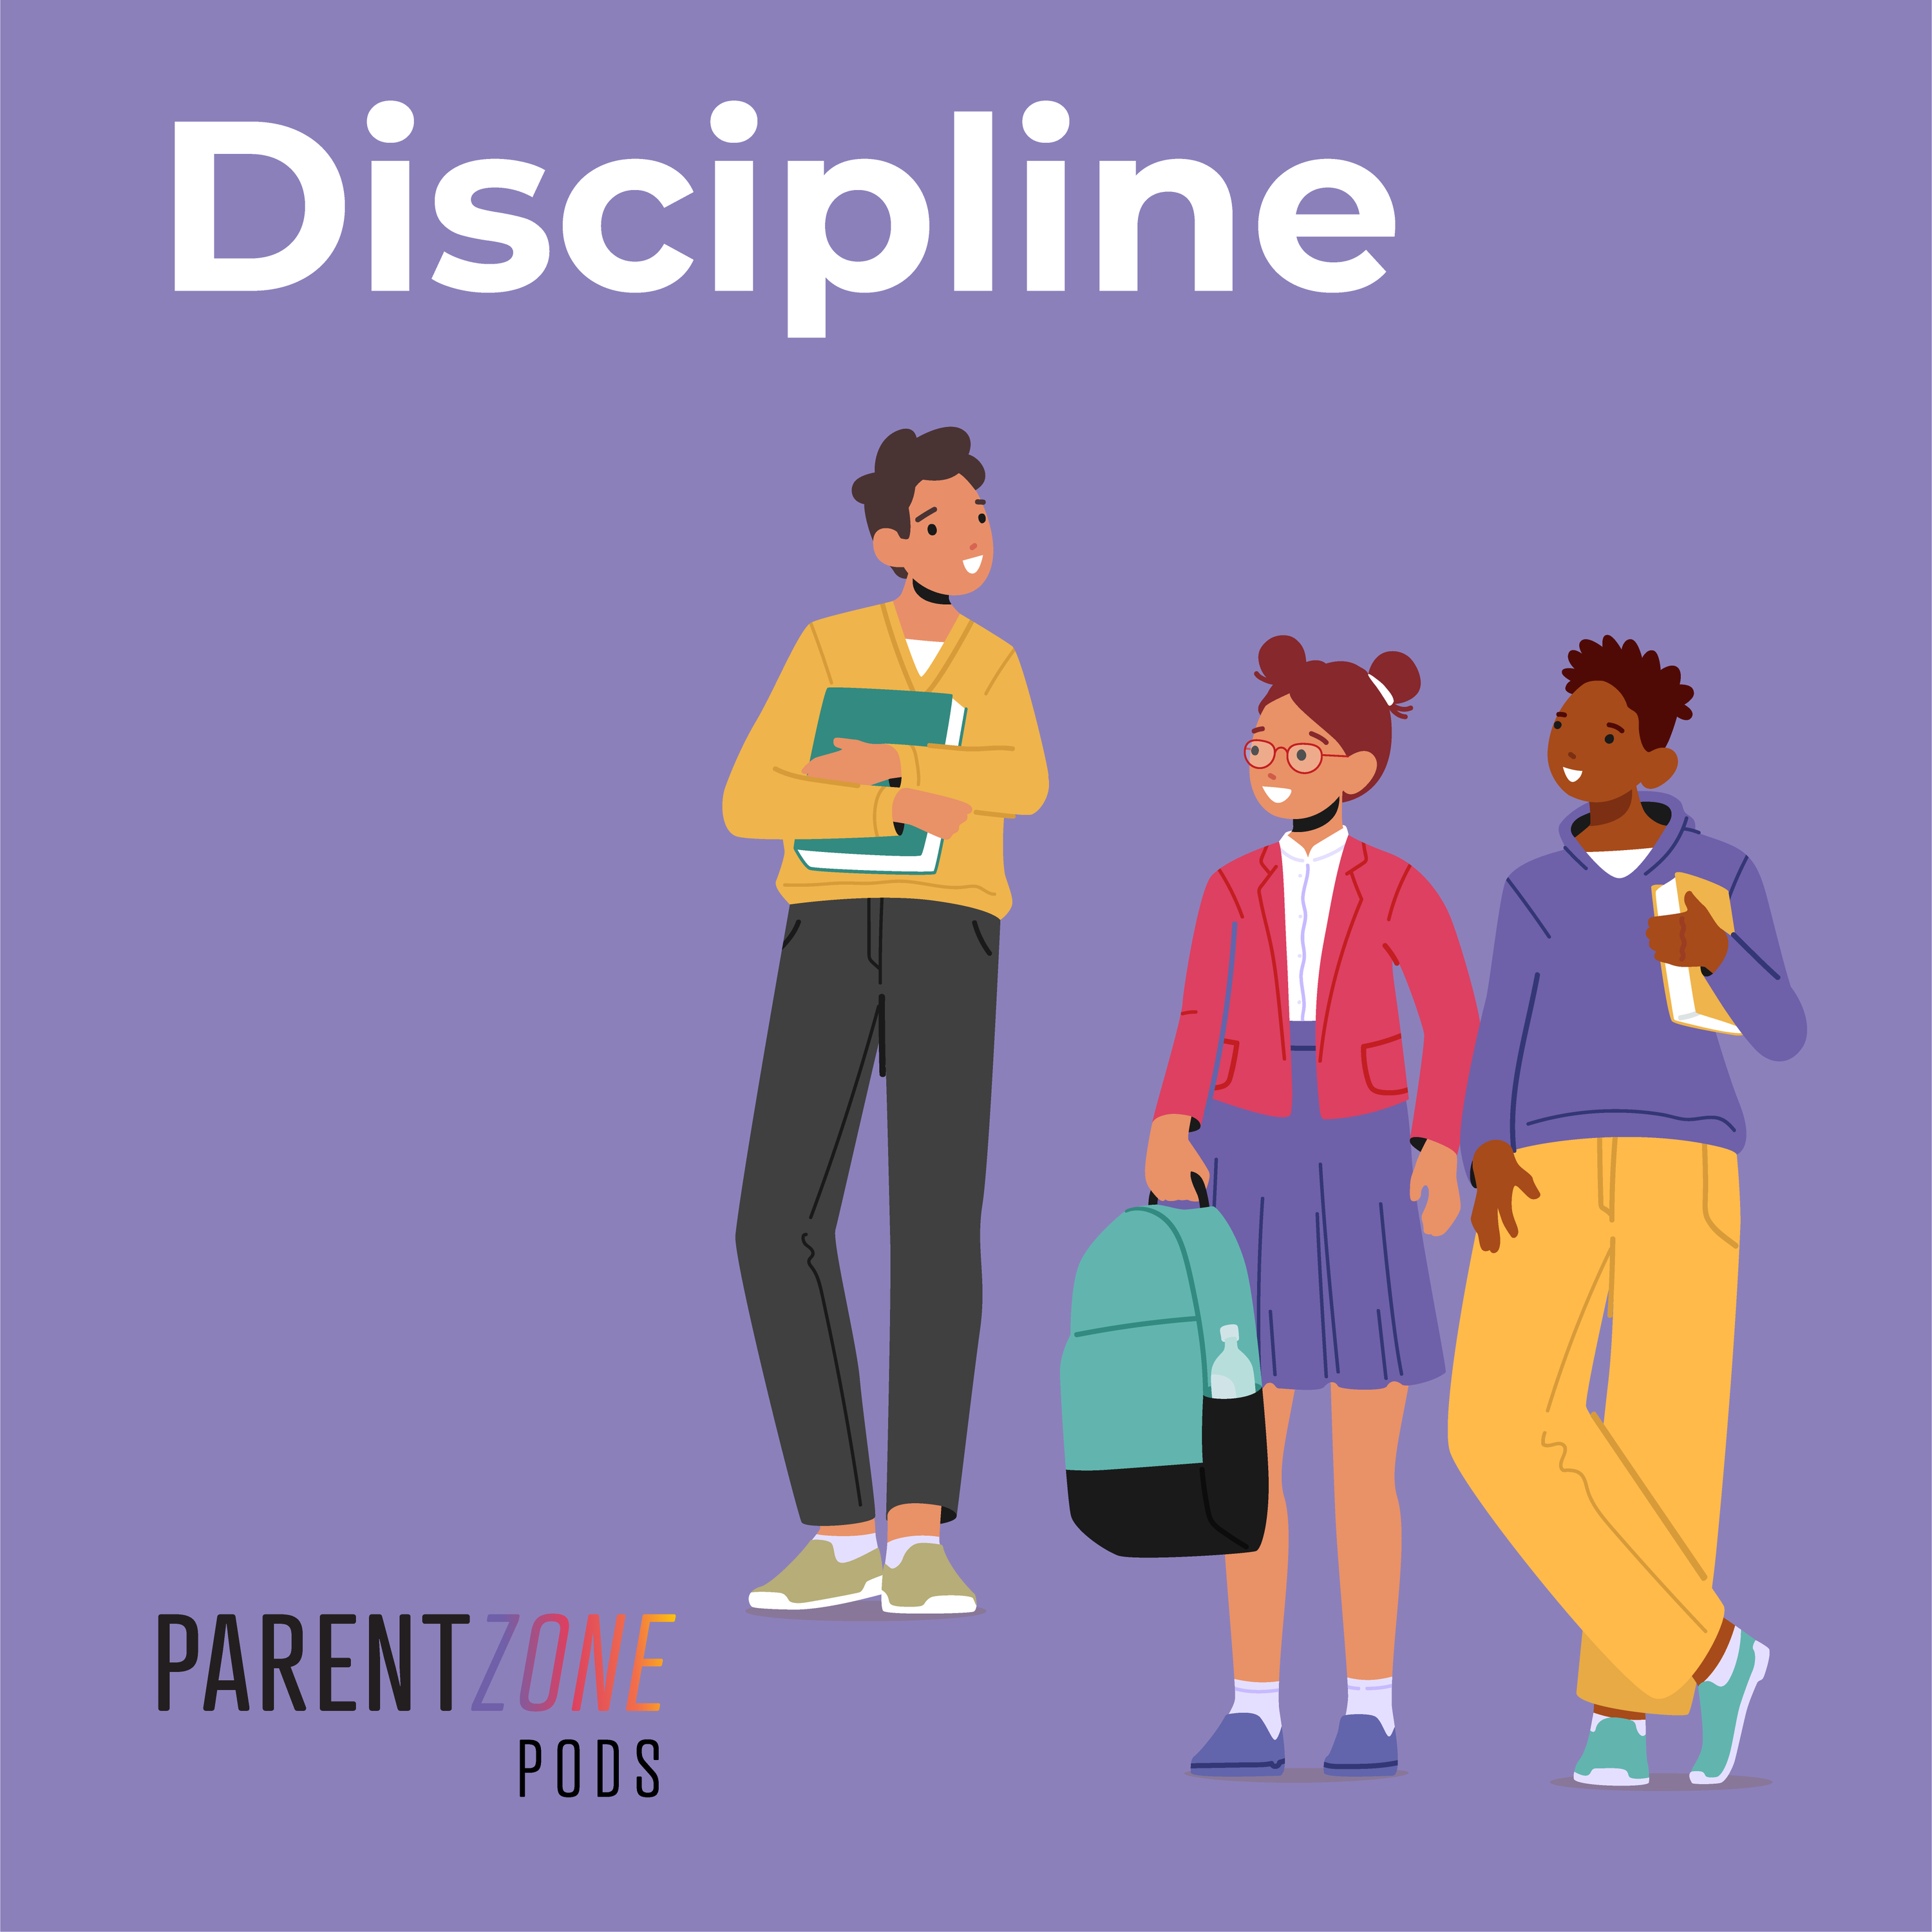 ANGLICARE VICTORIA - POSITIVE DISCIPLINE IN OUR FAMILIES EP 1
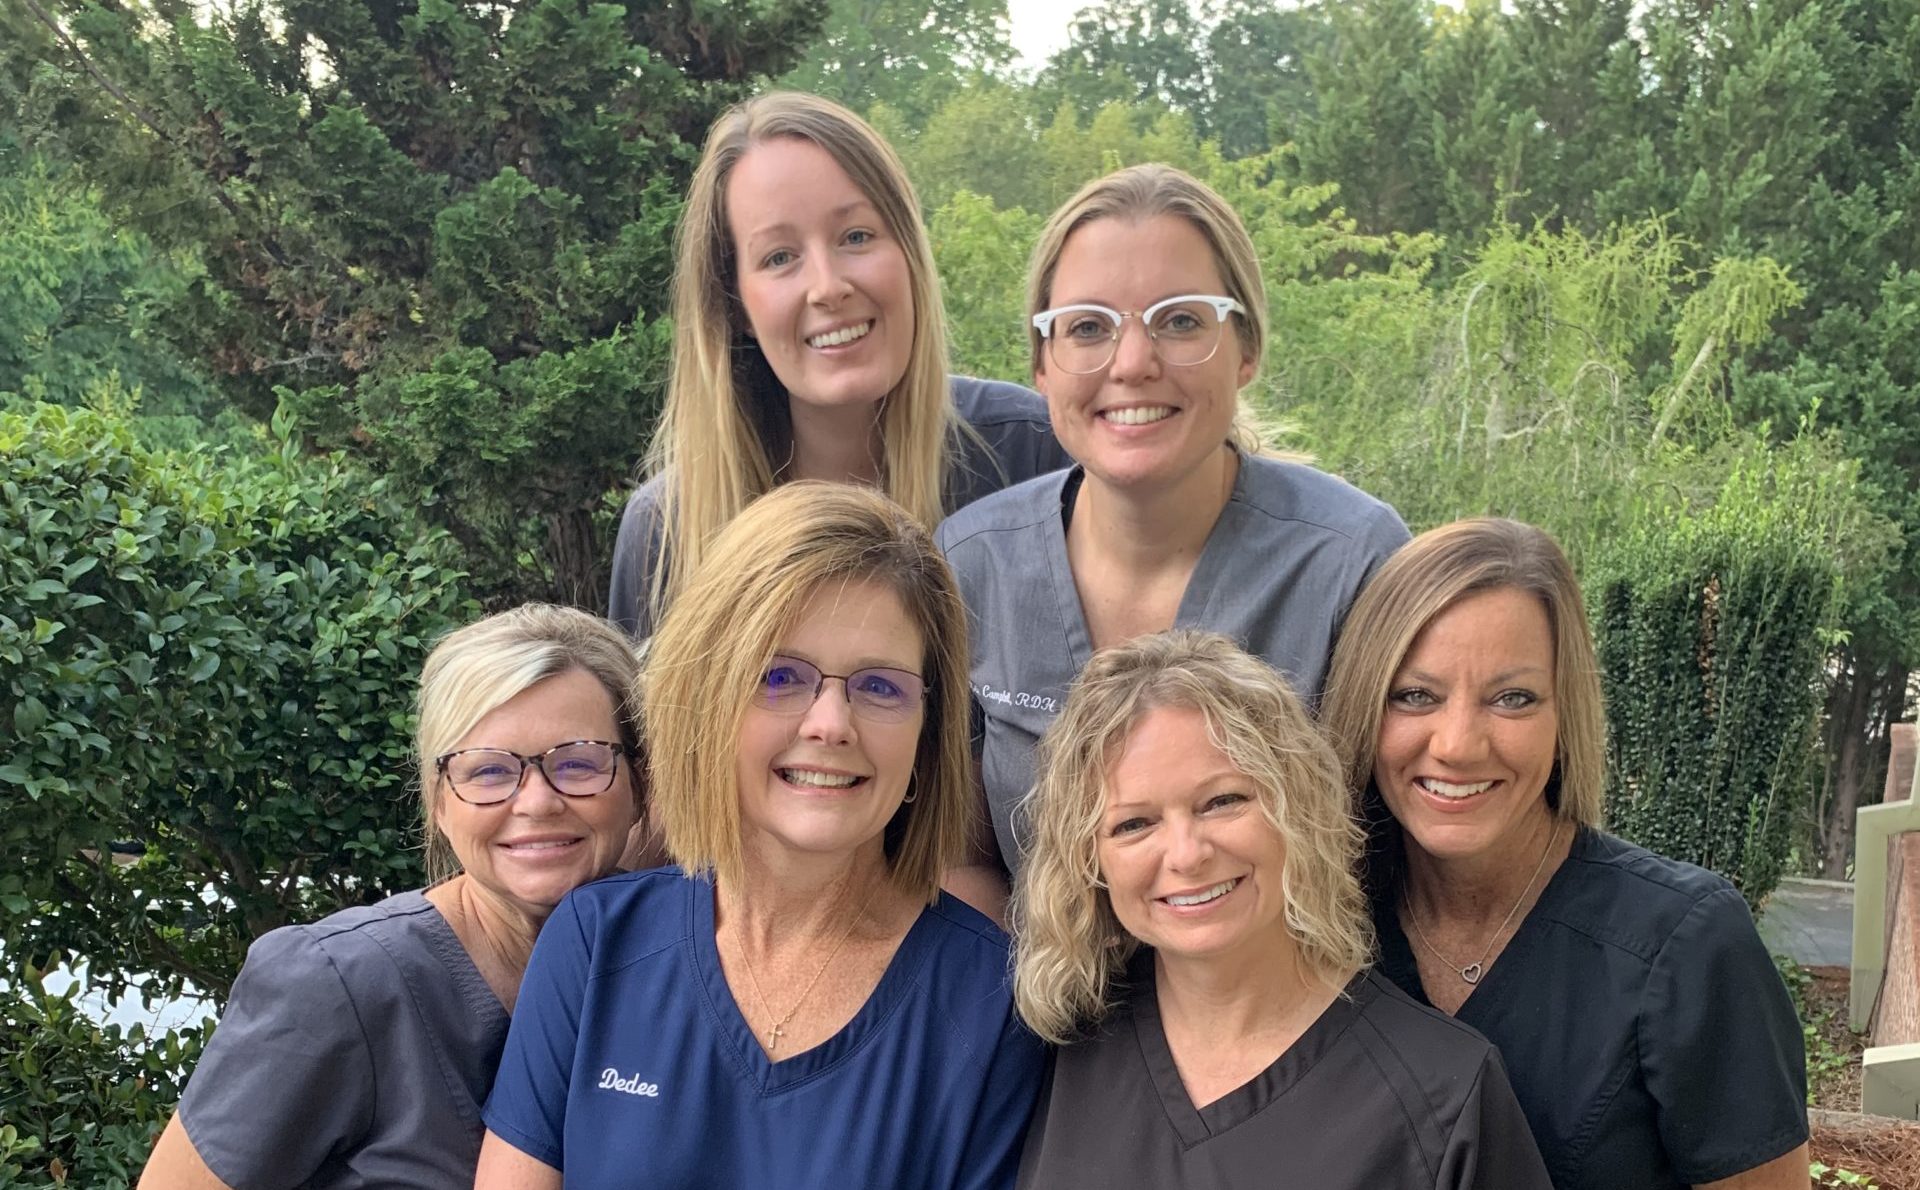 Cleveland Park Staff posing together on a porch at Rocky Creek Dental Care in Greeneville, SC
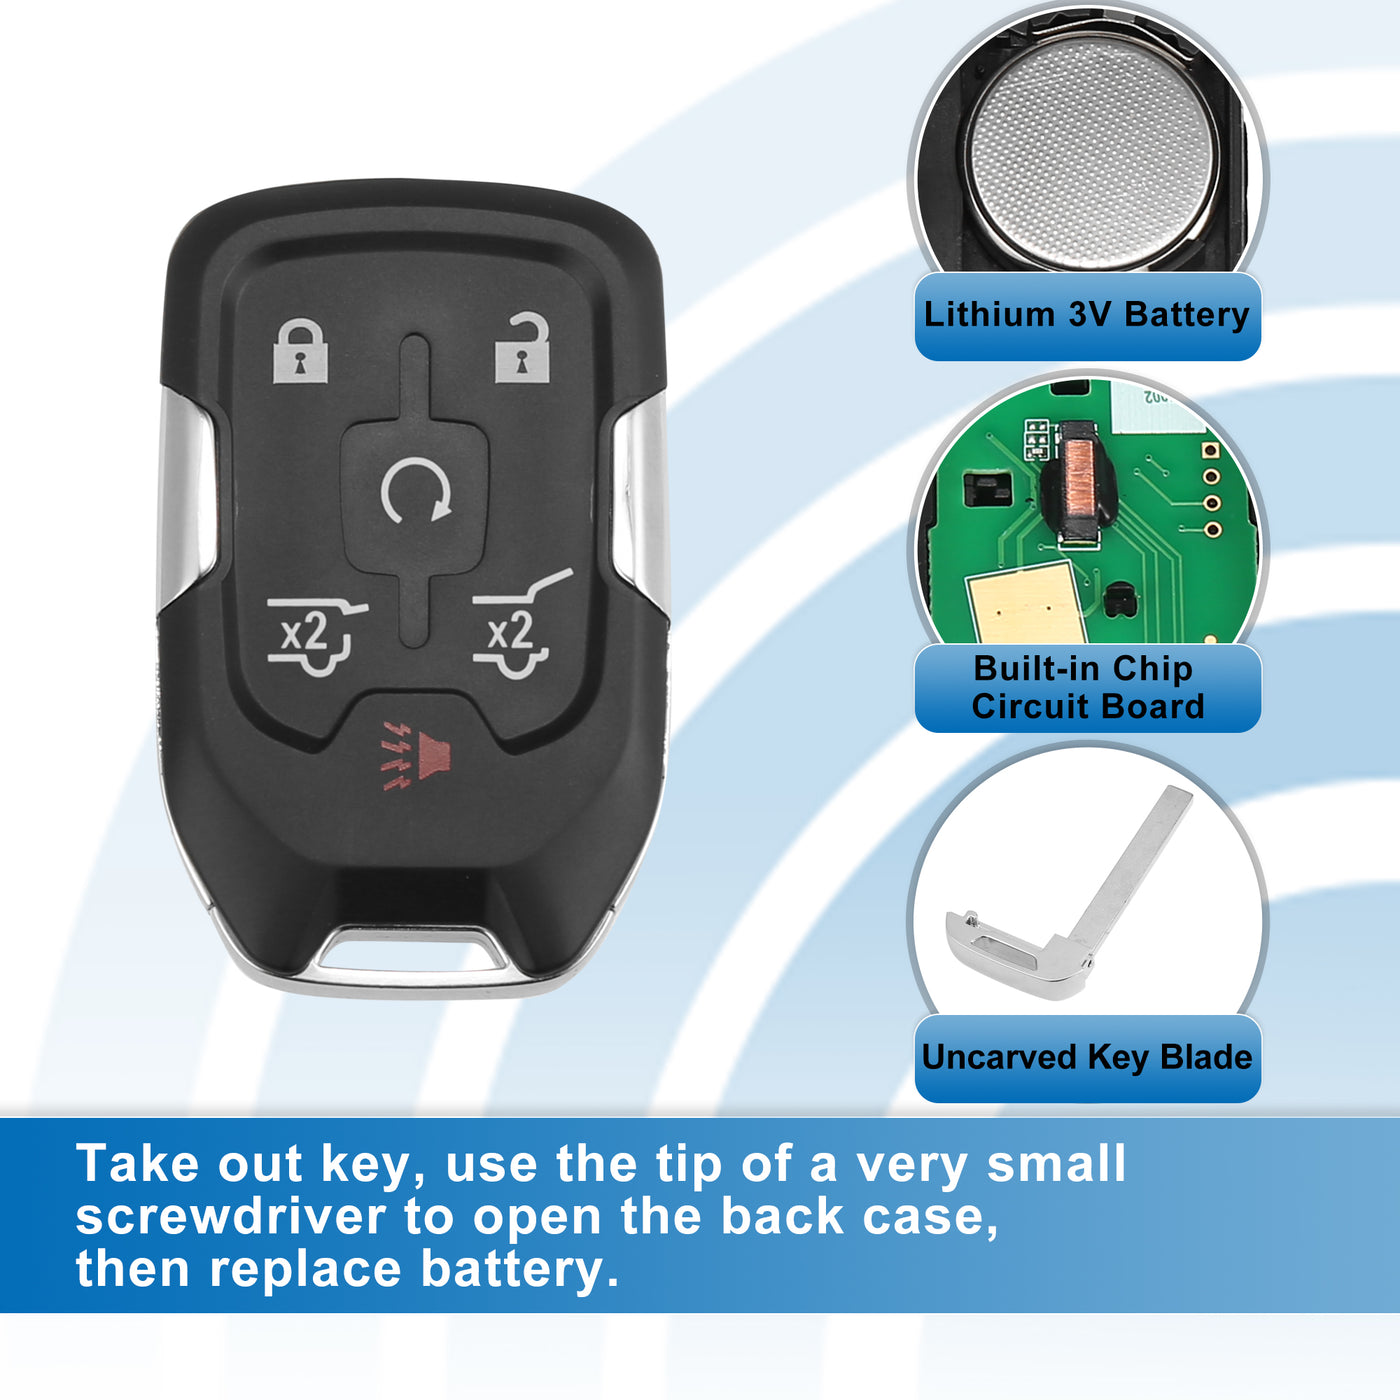 X AUTOHAUX 6 Button Car Keyless Entry Remote Control Replacement Key Fob Proximity Smart Fob HYQ1AA for GMC Yukon 2015-2020 315MHz

★ ★ ★ ★

WORK TO COMPLETE = Produce a word-for-word version of the material, with no pictures included.

ANSWER SPACE =
 ANGLICARE VICTORIA - POSITIVE DISCIPLINE IN OUR FAMILIES EP 1
 Cleveland Park Staff posing together on a porch at Rocky Creek Dental Care in Greeneville, SC
 X AUTOHAUX 6 Button Car Keyless Entry Remote Control Replacement Key Fob Proximity Smart Fob HYQ1AA for GMC Yukon 2015-2020 315MHz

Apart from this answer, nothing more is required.